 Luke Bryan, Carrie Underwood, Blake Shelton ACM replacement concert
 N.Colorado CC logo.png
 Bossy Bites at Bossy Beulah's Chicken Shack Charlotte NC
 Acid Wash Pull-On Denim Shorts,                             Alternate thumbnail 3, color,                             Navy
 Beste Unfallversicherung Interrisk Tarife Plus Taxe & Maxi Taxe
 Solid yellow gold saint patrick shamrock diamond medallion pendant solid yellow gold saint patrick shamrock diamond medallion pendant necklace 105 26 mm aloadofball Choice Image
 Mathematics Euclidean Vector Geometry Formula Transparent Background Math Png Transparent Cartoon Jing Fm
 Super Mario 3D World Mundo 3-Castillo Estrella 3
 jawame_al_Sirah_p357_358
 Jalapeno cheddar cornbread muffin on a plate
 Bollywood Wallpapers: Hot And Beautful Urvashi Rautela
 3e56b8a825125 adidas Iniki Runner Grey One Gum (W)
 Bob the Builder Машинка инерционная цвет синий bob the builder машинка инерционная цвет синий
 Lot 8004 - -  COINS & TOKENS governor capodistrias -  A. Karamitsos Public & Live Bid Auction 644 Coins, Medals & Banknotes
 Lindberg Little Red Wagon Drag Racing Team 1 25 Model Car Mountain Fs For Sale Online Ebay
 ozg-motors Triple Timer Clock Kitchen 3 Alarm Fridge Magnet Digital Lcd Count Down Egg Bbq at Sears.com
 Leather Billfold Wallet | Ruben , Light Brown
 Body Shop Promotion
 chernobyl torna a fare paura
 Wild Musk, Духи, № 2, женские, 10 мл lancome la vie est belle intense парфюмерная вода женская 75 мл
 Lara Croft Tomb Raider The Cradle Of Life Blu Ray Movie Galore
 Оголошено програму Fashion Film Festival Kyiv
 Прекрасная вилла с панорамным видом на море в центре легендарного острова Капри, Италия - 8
━━━━━━━━
Keeping each line intact, set down the entire listing once more.

[Output for this exercise]
 Luke Bryan, Carrie Underwood, Blake Shelton ACM replacement concert
 N.Colorado CC logo.png
 Bossy Bites at Bossy Beulah's Chicken Shack Charlotte NC
 Acid Wash Pull-On Denim Shorts,                             Alternate thumbnail 3, color,                             Navy
 Beste Unfallversicherung Interrisk Tarife Plus Taxe & Maxi Taxe
 Solid yellow gold saint patrick shamrock diamond medallion pendant solid yellow gold saint patrick shamrock diamond medallion pendant necklace 105 26 mm aloadofball Choice Image
 Mathematics Euclidean Vector Geometry Formula Transparent Background Math Png Transparent Cartoon Jing Fm
 Super Mario 3D World Mundo 3-Castillo Estrella 3
 jawame_al_Sirah_p357_358
 Jalapeno cheddar cornbread muffin on a plate
 Bollywood Wallpapers: Hot And Beautful Urvashi Rautela
 3e56b8a825125 adidas Iniki Runner Grey One Gum (W)
 Bob the Builder Машинка инерционная цвет синий bob the builder машинка инерционная цвет синий
 Lot 8004 - -  COINS & TOKENS governor capodistrias -  A. Karamitsos Public & Live Bid Auction 644 Coins, Medals & Banknotes
 Lindberg Little Red Wagon Drag Racing Team 1 25 Model Car Mountain Fs For Sale Online Ebay
 ozg-motors Triple Timer Clock Kitchen 3 Alarm Fridge Magnet Digital Lcd Count Down Egg Bbq at Sears.com
 Leather Billfold Wallet | Ruben , Light Brown
 Body Shop Promotion
 chernobyl torna a fare paura
 Wild Musk, Духи, № 2, женские, 10 мл lancome la vie est belle intense парфюмерная вода женская 75 мл
 Lara Croft Tomb Raider The Cradle Of Life Blu Ray Movie Galore
 Оголошено програму Fashion Film Festival Kyiv
 Прекрасная вилла с панорамным видом на море в центре легендарного острова Капри, Италия - 8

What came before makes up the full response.